BookmarkSubscribeRSS Feed
🔒 This topic is solved and locked. Need further help from the community? Please sign in and ask a new question.
Jannie_D
Calcite | Level 5

Hi. I have a big dataset on a secure server.

I am cleaning my data, but now I found out that one code does not work and I can not figure out why, maybe you have an suggestion. 

The code is:

data total;

set mergetot;

where not missing(dato_diagnose) and not missing(totsssy) or not missing(totlmdb) or not missing(totdrga) or not missing(totdrgh);

run;

 

I want to only have the observations where there is a value for dato_diagnose and where at least one of totsssy, totlmdb, totdrga and totdrgh has a value.

somehow I still get observations where there is no value for dato_diagnose.

 

can you find the mistake?

 

kind regards 

1 ACCEPTED SOLUTION

Accepted Solutions
Kurt_Bremser
Super User

In Boolean (yes/no) logic, the AND operator takes precedence over OR (like multiplication takes precedence over addition in calculus). This means that your condition will be evaluated like this:

where
  (not missing(dato_diagnose) and not missing(totsssy))
  or not missing(totlmdb)
  or not missing(totdrga)
  or not missing(totdrgh)
;

To make your condition work as intended, you need to force precedence by using brackets:

where
  not missing(dato_diagnose) and (
    not missing(totsssy)
    or not missing(totlmdb)
    or not missing(totdrga)
    or not missing(totdrgh)
  )
;

Note that it is always a great help to make functional code blocks visible by using indentation.

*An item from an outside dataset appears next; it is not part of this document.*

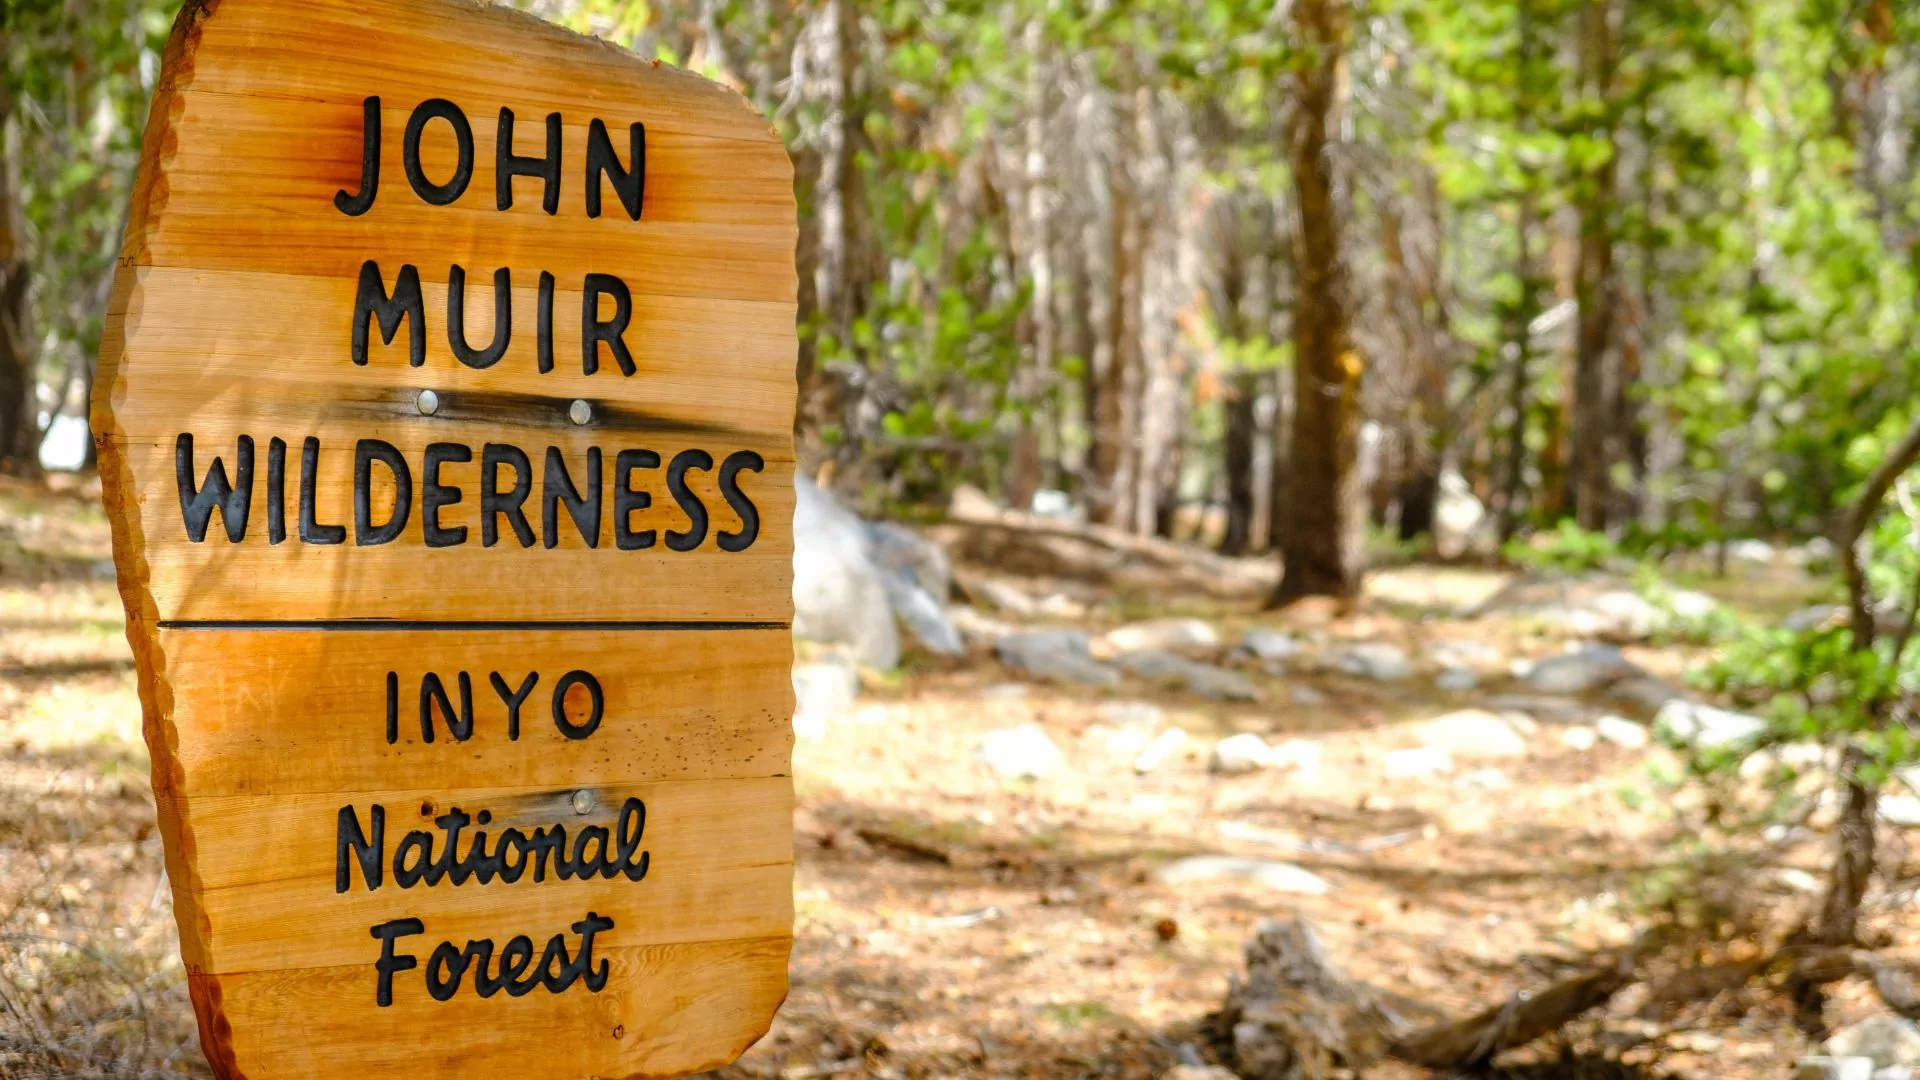 A wilderness sign stands along the side of the John Muir trail in California's Sierra Nevada
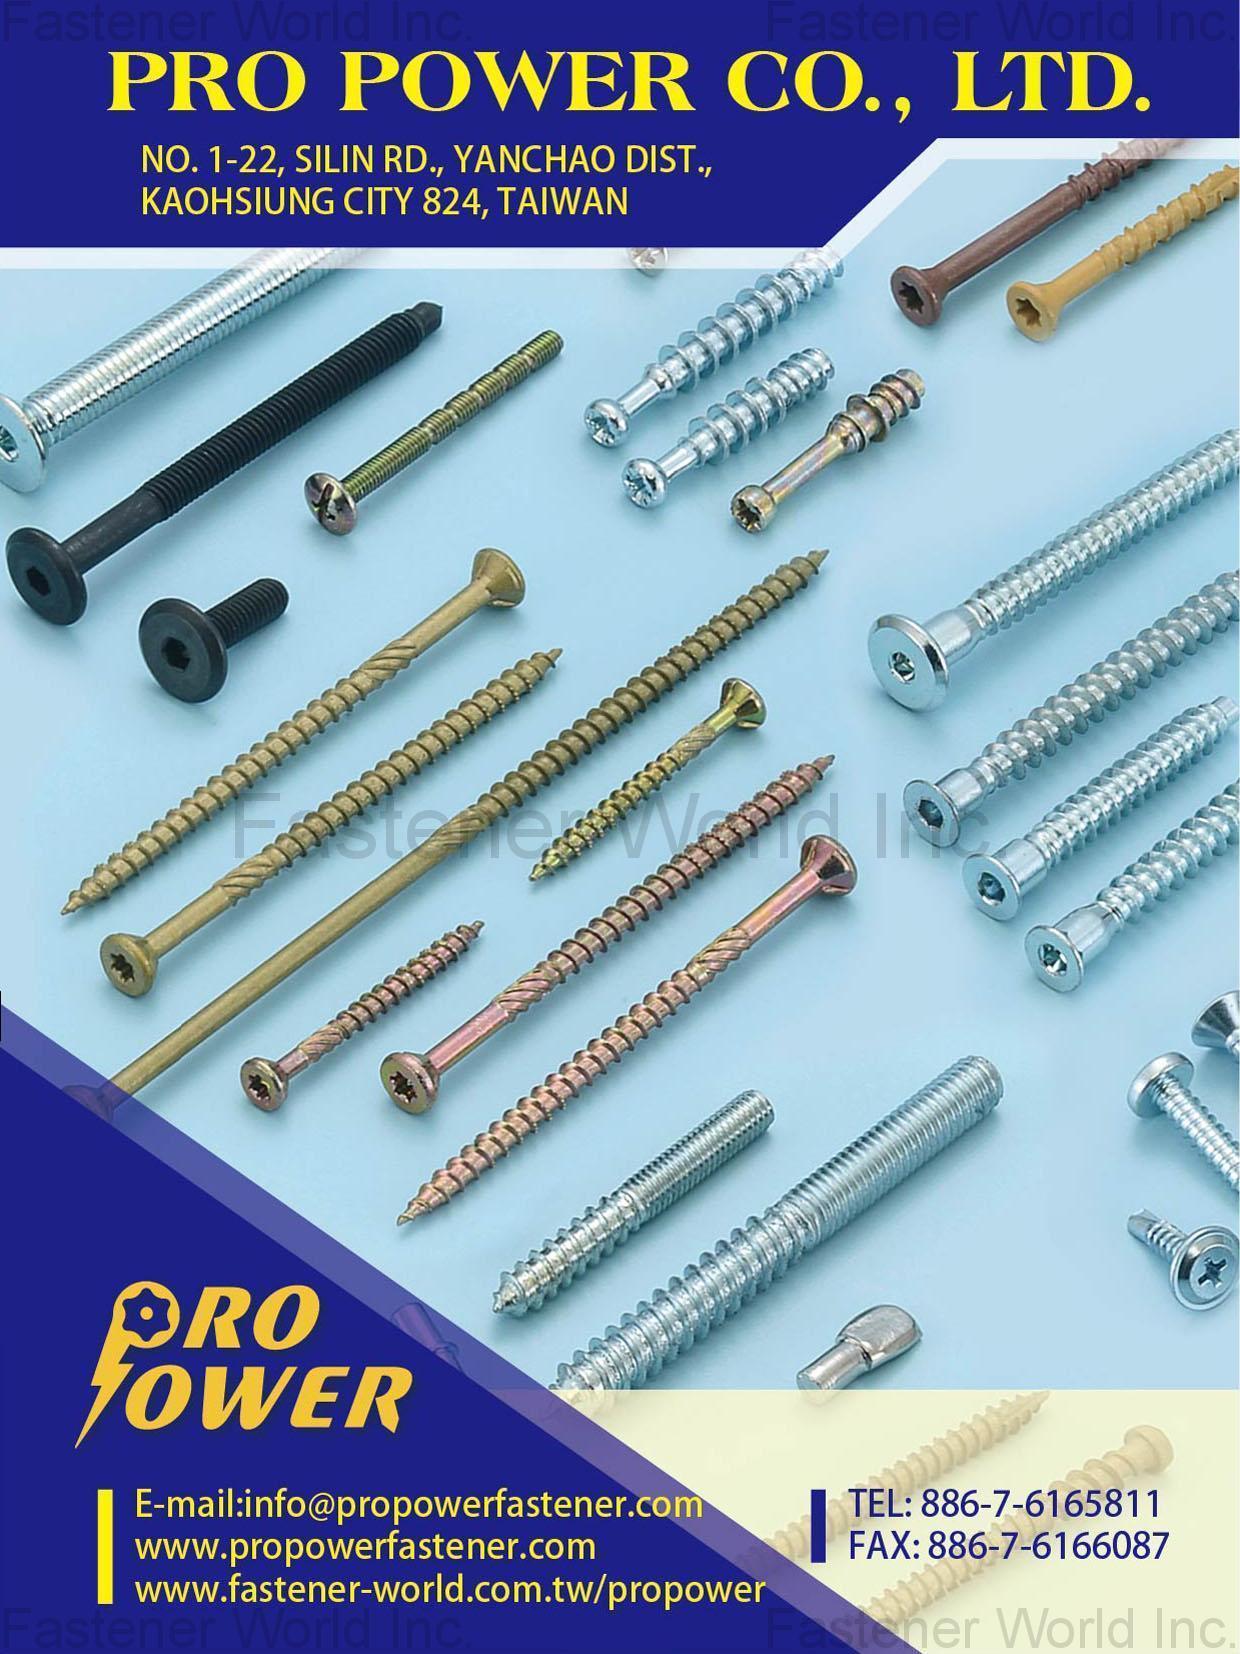 All Kinds Of Building Materials And Accessories DECK SCREW,EURO SCREW, CHIPBOARD SCREW, PARTICLE BOARD SCREW, SELF DRILLING SCREW, SELF TAPPING SCREW, DRYWALL SCREW, CONFIRMAT SCREW, SLEEVE SCREW, MACHINE SCREW, JOINT CONNECTOR BOLT, BREAK-OFF MACHINE SCREW, SLEEVE NUT, SHELF SUPPORT(PIN)

View solution in original post

2 REPLIES 2
PaigeMiller
Diamond | Level 26

Perhaps this, which will test to see if there is at least one non-missing among the rest of the variables

 

where not missing(dato_diagnose) AND (not missing(totsssy) + not missing(totlmdb) + not missing(totdrga) + not missing(totdrgh))>0;

--
Paige Miller
Kurt_Bremser
Super User

In Boolean (yes/no) logic, the AND operator takes precedence over OR (like multiplication takes precedence over addition in calculus). This means that your condition will be evaluated like this:

where
  (not missing(dato_diagnose) and not missing(totsssy))
  or not missing(totlmdb)
  or not missing(totdrga)
  or not missing(totdrgh)
;

To make your condition work as intended, you need to force precedence by using brackets:

where
  not missing(dato_diagnose) and (
    not missing(totsssy)
    or not missing(totlmdb)
    or not missing(totdrga)
    or not missing(totdrgh)
  )
;

Note that it is always a great help to make functional code blocks visible by using indentation.